It normally starts out as a bit of a laugh. One person comes up with a daft idea, such as soaking themselves with freezing water and ice-cubes and then posting it online. It’s simple, straightforward fun that can raise money for charity.
Sometimes challenges are a bit edgier, such as swallowing a spoonful of cinnamon. More often than not, this leaves people gagging and at worst, vomming all over the place. Gross.
However, there are some social media crazes that aren’t as entertaining.
For all the benefits of social media, some web-based fads are receiving high levels of exposure that are only encouraging people to have a go at them themselves. Before the likes of Facebook and Twitter, teenagers had no platform to show the world the silly stunts that they had just performed, meaning the biggest audience they’d get would be their gang of friends – unlike today, where within minutes, a video of their exploits can be uploaded to the web for all to see.
At the end of April, a 13-year-old girl from France went missing for three days. When she eventually turned up at the family home, she refused to tell her parents or the police where she’d been; only revealing that she’d completed a Facebook dare to disappear for 72 hours. Last year, the NekNominate challenge took the web by storm, as challengers downed a pint of their tipple of choice, often with disastrous consequences.
Just last month, a teenager in Ayrshire was hospitalised after he took a large quantity of paracetamol tablets. It is believed he was taking part in the Paracetamol Challenge – a game where young people dare each other, through the likes of Instagram and Facebook, to take excessive amounts of the painkiller and post content of themselves taking the drug. Overdosing on paracetamol can lead to a range of side effects; from nausea and sickness, to permanent liver damage and fluid on the brain. Not so funny now, is it?
Since the issue came to light, the hashtag for the game has been hijacked by users warning just how dangerous the drug can be – an illustration of how social media being used for the better. Some have had personal experiences from the danger the challenge poses, with one Twitter user writing: “My sister died from taking too much paracetamol – kids don’t do it.” Another wrote of her personal experience, stating: “I have liver damage at 18 years old from paracetamol overdoses, the worst pain I’ve ever felt in my life.”
Even dabbling in the satanic has been popular, with The Charlie Charlie Challenge encouraging users to connect with a dead Mexican spirit named Charlie. Players draw a cross with four quadrants on a piece of paper, and label two quadrants “no” and the two quadrants “yes”. With pencils overlapping in the middle of the paper, players begin by asking Charlie if he is there, followed by the question they want answered. The pencils are then believed to move towards one of the quadrants. The trend grew through the popularity of a YouTube video entitled Jugando Charly Charlie, based on a game called Juego de la Lapicera (Game of the Pens) which is played in Spanish-speaking countries. The hashtag #CharlieCharlieChallenge has been tweeted more than 2 million times, again showing the power of social media. Some psychologists believe that playing the game dramatically raises anxiety levels, particularly in teenagers who try to prove themselves in a type of “rite of passage” ritual.
Useful v. useless
We all do stupid things. This has been happening since time began, and just a part of growing up. At 11 years old, my friend discovered how flammable toilet paper was when he lit one end of a bog roll with a scented candle that was happily making the family bathroom smell fresh. Unfortunately the bathroom ended up reeking of burnt linoleum after he dropped the flaming Andrex roll on the floor at the shock of the speed with which the flames consumed the silky sheets. 15 years later, I’ve seen neither a candle nor an Andrex toilet paper in his house.

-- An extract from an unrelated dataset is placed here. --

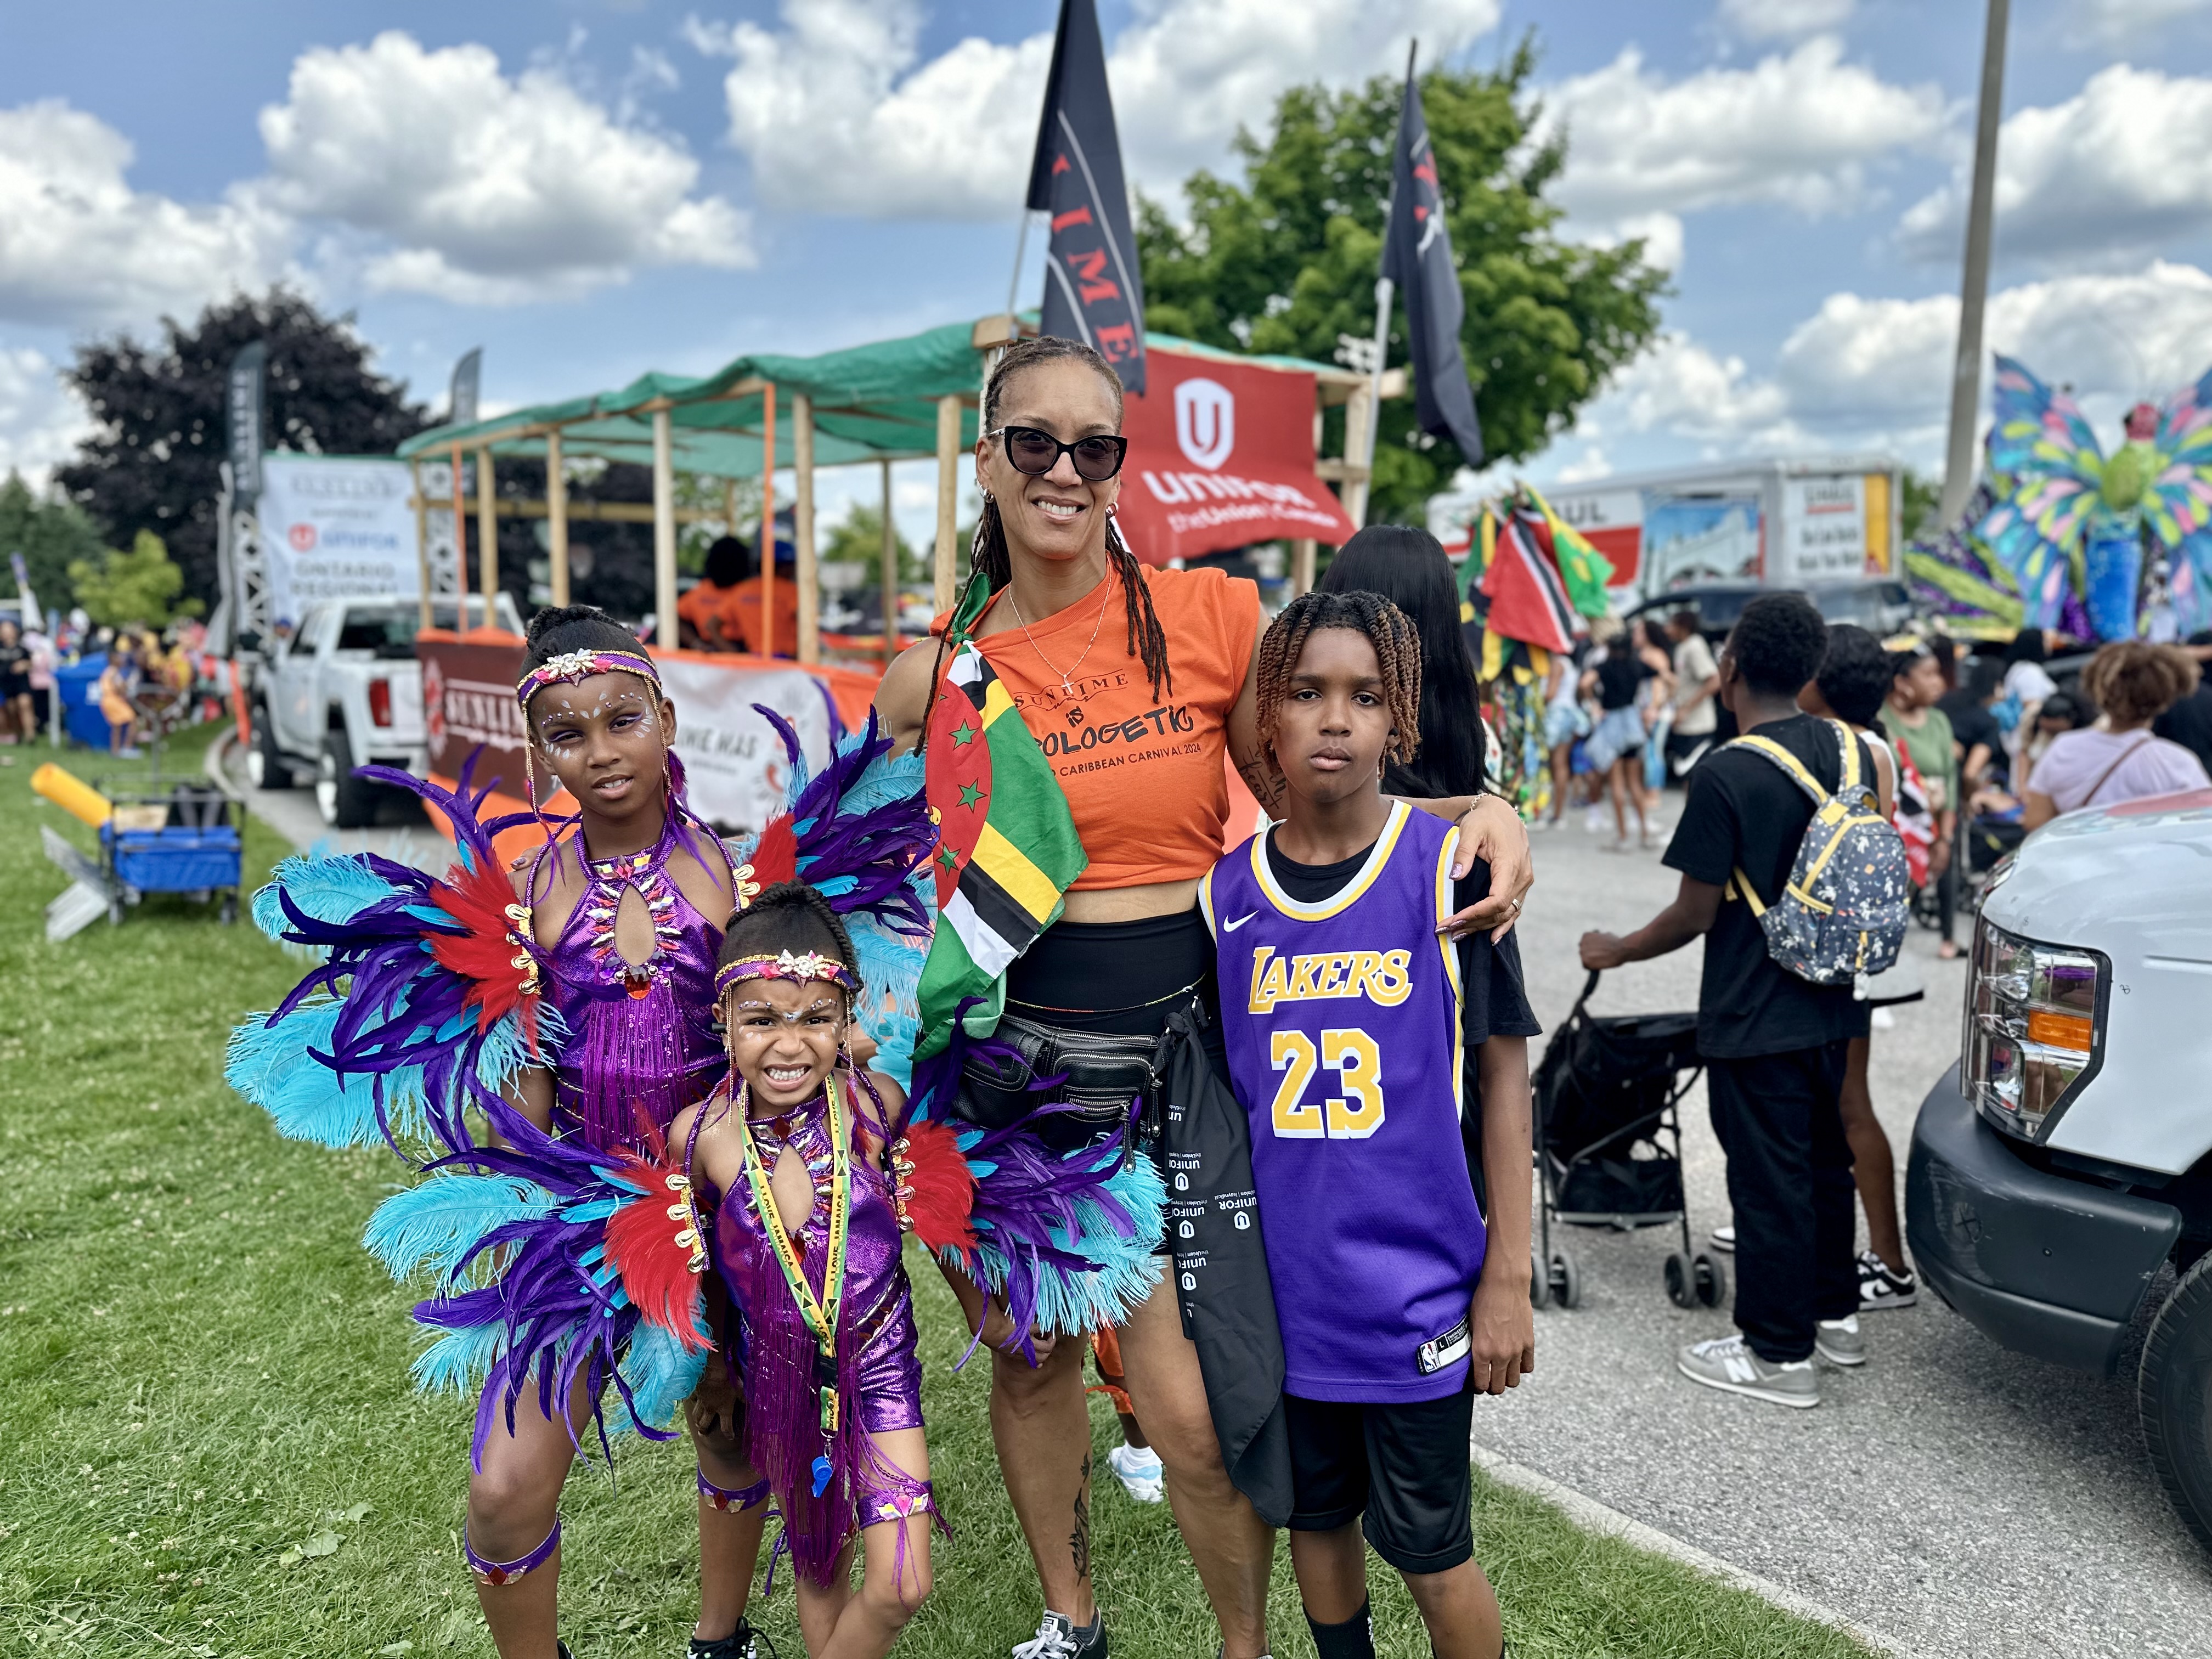 A woman with three kids, two in Caribbean costumes and one in a blue basketball jersey.

Thankfully, my pal has learnt his lesson, and the world didn’t witness his stupidity online. Social media continues to be a great medium where people can share thoughts, debate with one another and interact with people from the other side of the world. But there is a line that splits healthy, useful engagement, and brainless activity that not only endangers the lives of those carrying out risky stunts, but pressurises others to take part in them.
Enjoy social media. Laugh at the daft “nights out” selfies. Share that video of a cat on a Roomba. Raise awareness on issues that you’re passionate about. Just be mindful of online peer pressure and the dangers which some of these seemingly innocent stunts come with, that can often result in heartbreak for friends and broken families.